Please explain the difference between coordinated and non coordinated pensions.

     Is there a way my pension can be uncoordinated? I am concerned that since I'm not on a very high salary and will only have 15 years service when I retire that my contibutions may not result in any appreciable benefits.

Thanks,
Coordinated


----------



## CCOVICH (6 Jul 2006)

From this FAQ:



			
				Brendan said:
			
		

> *My Defined Benefit pension scheme is Integrated (or Coordinated) what does this mean?*
> This means the pension you receive from the company is reduced by the amount of the Old Age Pension. Typically, in a contributory scheme, your contribution is also reduced by factor related to the current OAP.


----------



## ajapale (7 Jul 2006)

From Oasis: 



> *Occupational pensions and social welfare pensions*
> 
> Occupational and personal pensions operate independently of the social welfare pension system (Social welfare pensions include  and   pensions) and there is no statutory link between the two.
> However, it is common for occupational pensions to take into account the level of social welfare pension received in calculating the level of benefit.
> ...


And from the Irish Pensions Board Occupational Pension Schemes FAQ's.



> *My pension scheme is integrated with the Social Welfare pension.
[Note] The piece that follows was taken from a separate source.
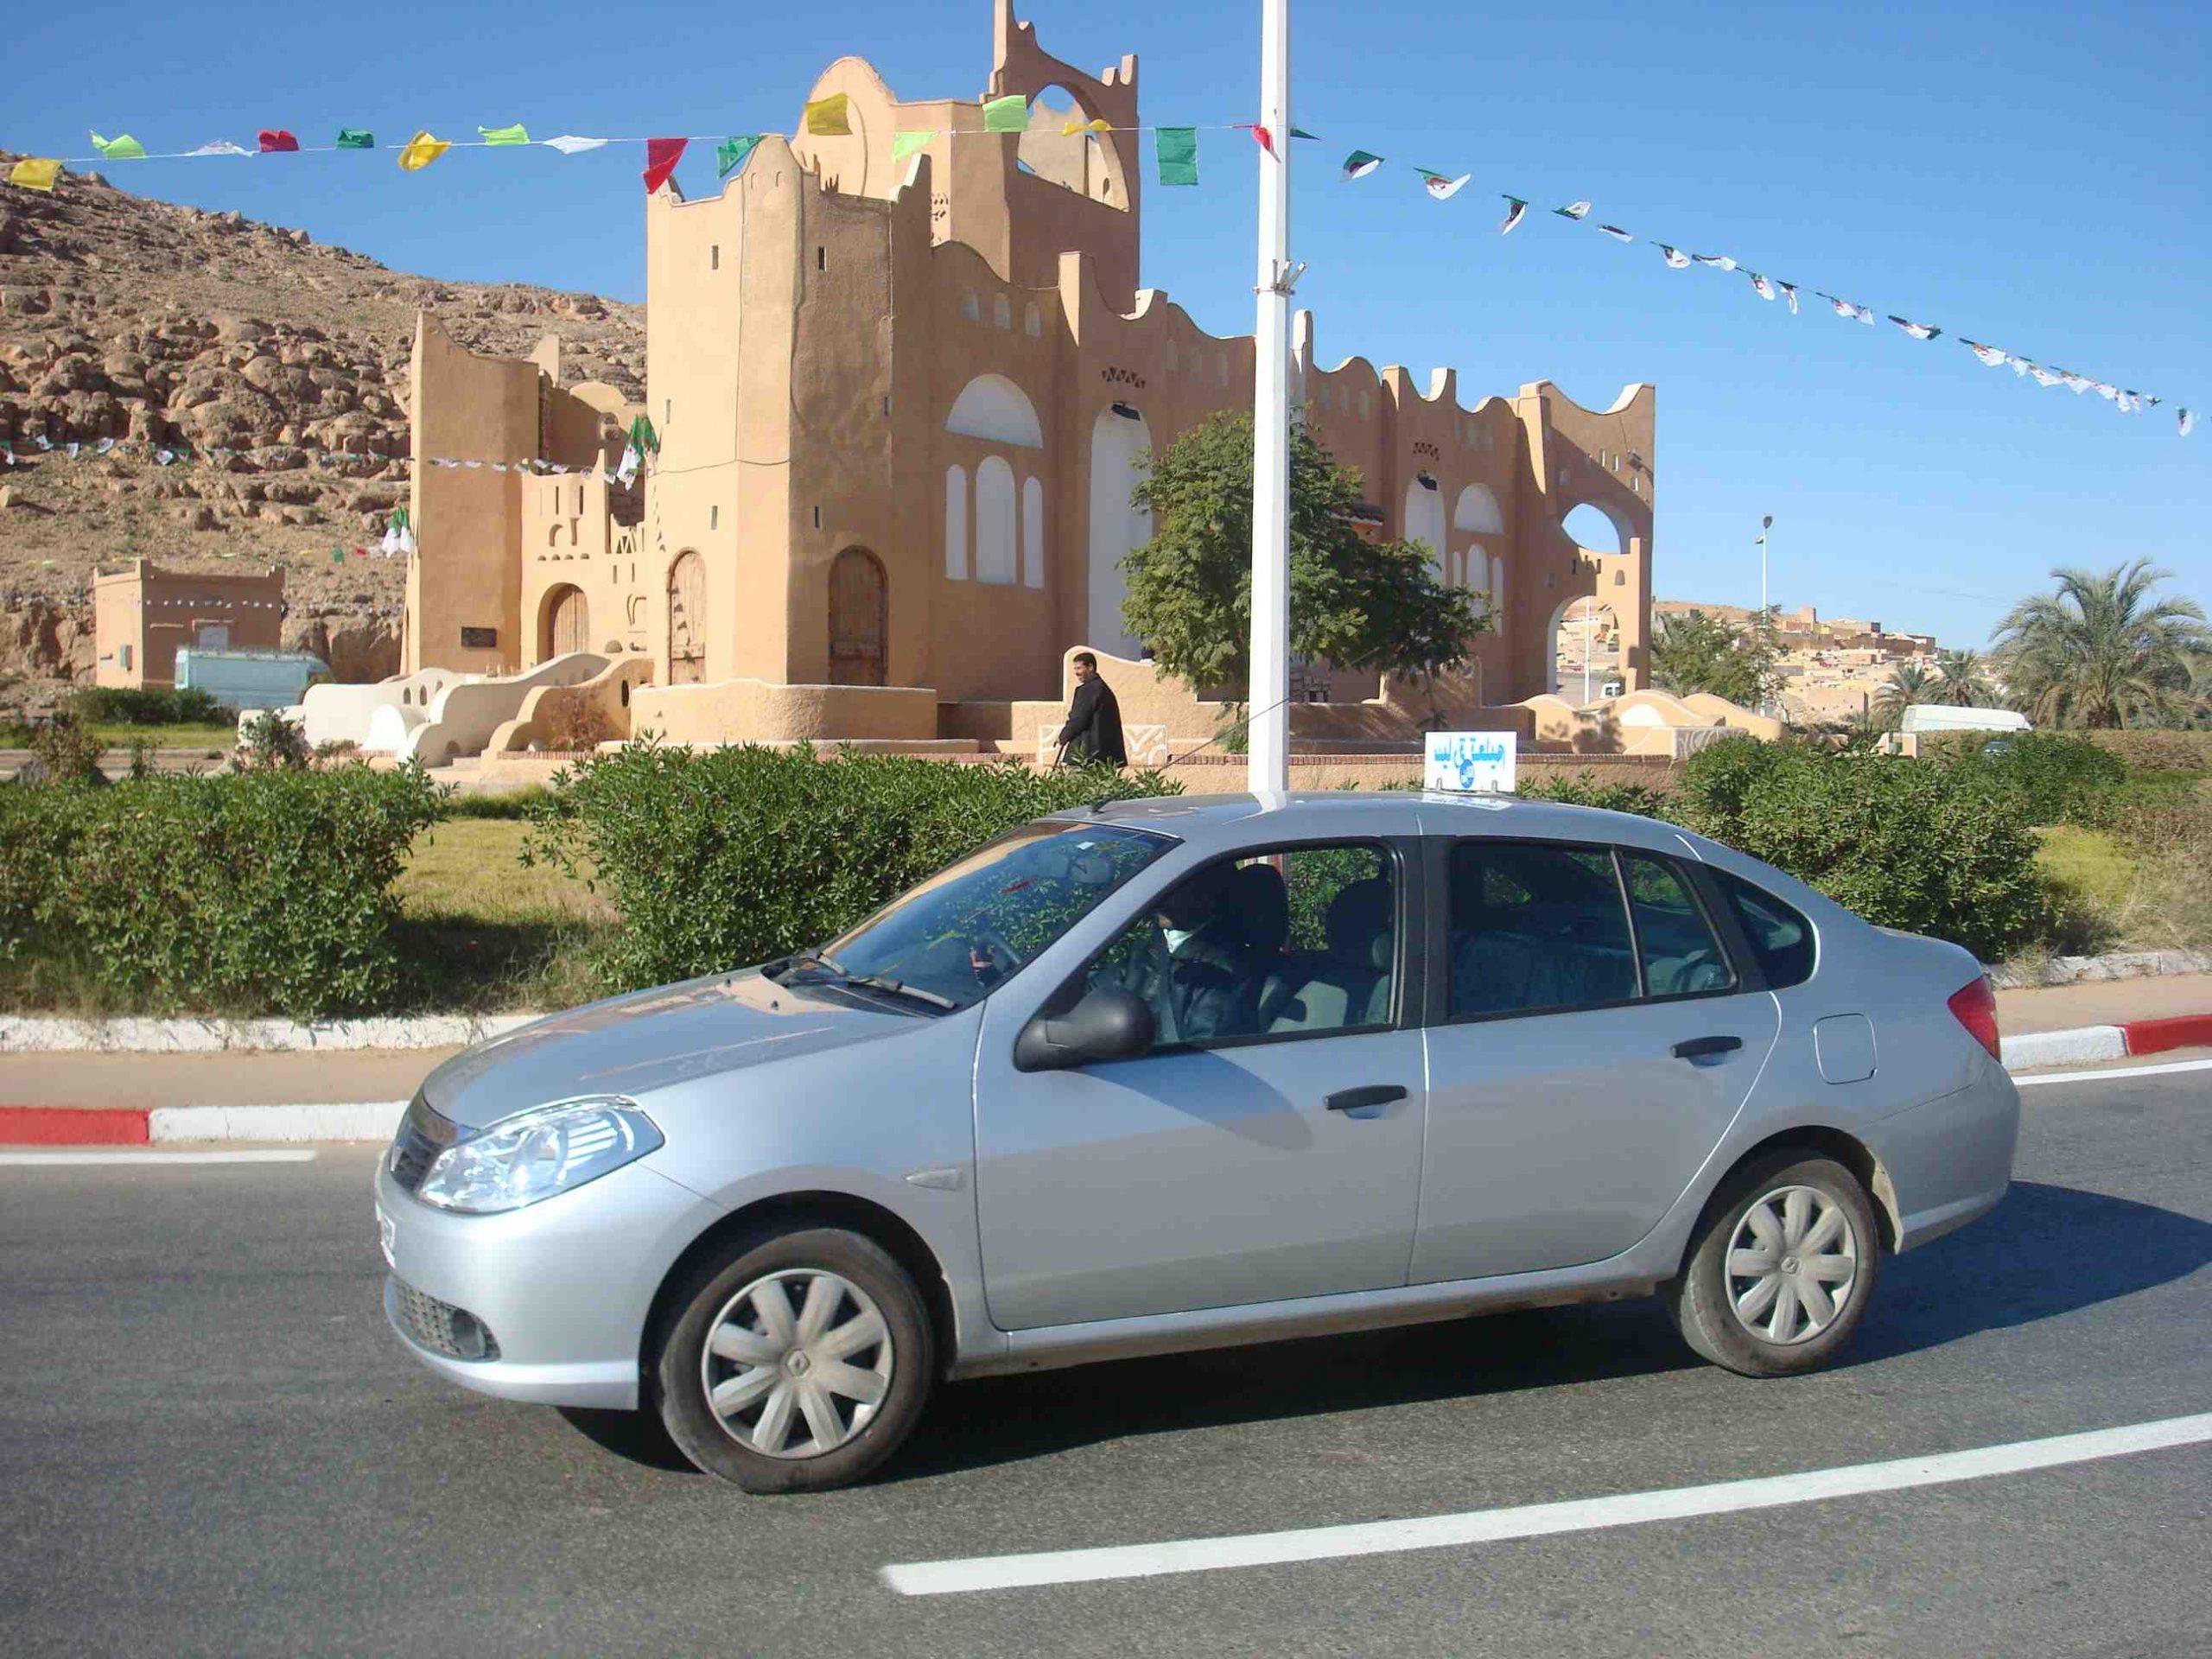 Comment devenir examinateur du permis de conduire en Algerie ?

What does that mean? *
> 
> An integrated scheme is one where the pension payable, or the design of the benefit promise made, takes into account the Old Age Contributory Pension (or other similar contributory benefits) payable by the State.
> 
> ...


and from Comhairle [broken link removed]



> *Occupational pensions and social welfare pensions*
> 
> Occupational and personal pensions operate independently of the social welfare pension system and there is no statutory link between the two.
> 
> ...


----------



## Summer (1 Aug 2006)

"If you take early retirement, your occupational pension may not be reduced until you start receiving your social welfare pension."

What does this mean please? Does it mean you have to receive an amount inclusive of the social welfare pension until you reach age 65?

Thank you 
Summer


----------



## Guest126 (1 Aug 2006)

It does not mean much summer - other than what it says.

Whether or not you would receive extra pension until the date you receive state pension (in an integrated scheme) in the event of early retirement would depend on the Trust Deed and Rules of the occupational scheme concerned, there is no other place to look for a rule in relation to this.


----------



## ajapale (1 Aug 2006)

Hi Summer,

The rules of the scheme regarding Early Retirement (and also Retirement through Ill health) vary from scheme to scheme.

In the case of Early Retirement some schemes will not deduct the COAP until you reach 65. While others will deduct the COAP as of the date of your early retirement.

aj


----------